The difference is hosting plans was a few dollars a month. The new host's uptime seems to be better, but some of their tech support is lame and they are missing some obvious features but nothing i can't work around (without paying more somewhere else) so in the end i'm happy to pay a bit more. The host i chose is not the cheapest, and they're not the most expensive. And i spent about ten minutes doing the research because for my site it just wasn't that important.
which brings up the next economic point: if the average programmer costs $50/hour, how cost-effective is it to use said programmer's time to complain about $7/month in hosting fees?
in summary, the answer is: the free market.
EDIT 2:
Here are some windows server license prices
These certainly look like one-time fixed costs to me, but even if this was a yearly fee it still pales in comparison to the cost of the hardware and bandwidth for a hosting service.
The relationship between license cost and hosting cost is indirect at best, and is essentially irrelevant compared to market pressures.
But please don't take any programmer's word for it, ask a hosting provider.

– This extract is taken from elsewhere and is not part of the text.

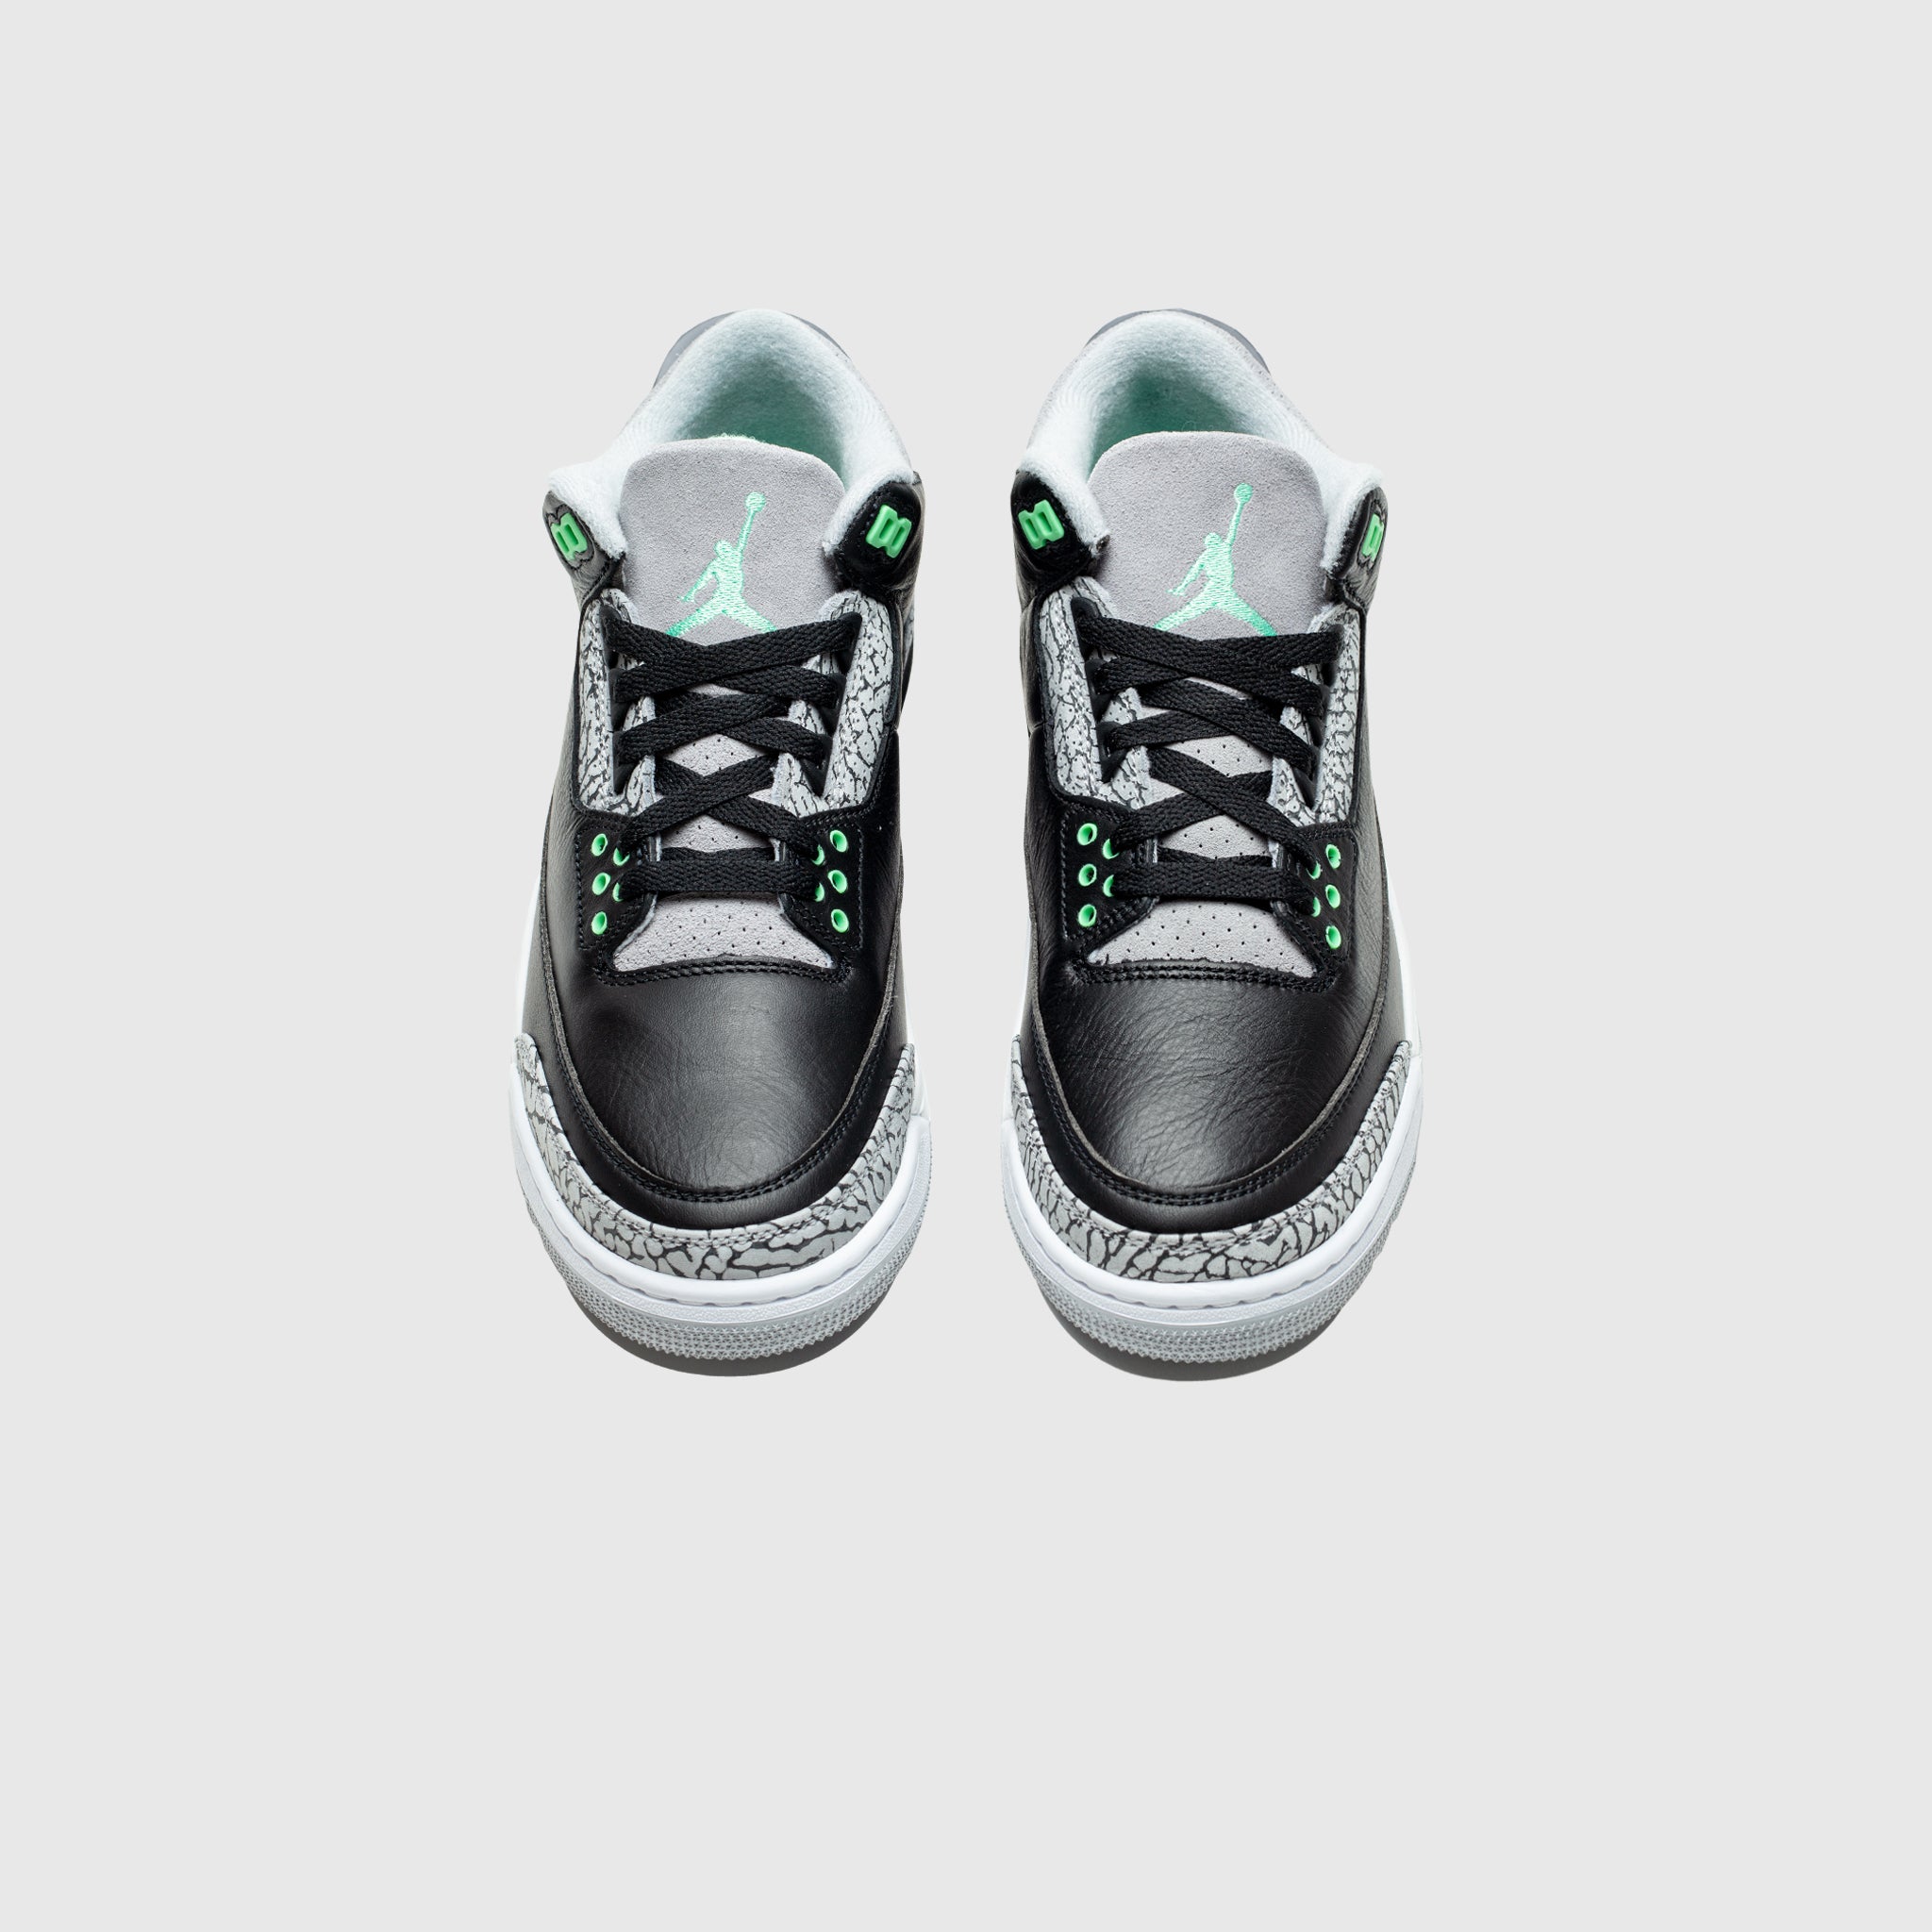 AIR Nike JORDAN 3 RETRO "BLACK/GREEN GLOW"

cost breakdown for hosting services
Addendum:
MS-SQL licenses do cost additional $$$ so that may be a factor
This isn't really an answer to your question (other folks have done a good job of that), but have you thought of offloading your static resources, which are likely to take up the bulk of your disk space, to something like Amazon's S3? That way, only your application code and database would be stored on the Windows host.
Pretty much echoing what other people have said here. But is $7 difference a month really that big a difference. I know you get less disk space and bandwidth but $7 isn't really a lot to cover the costs of licensing.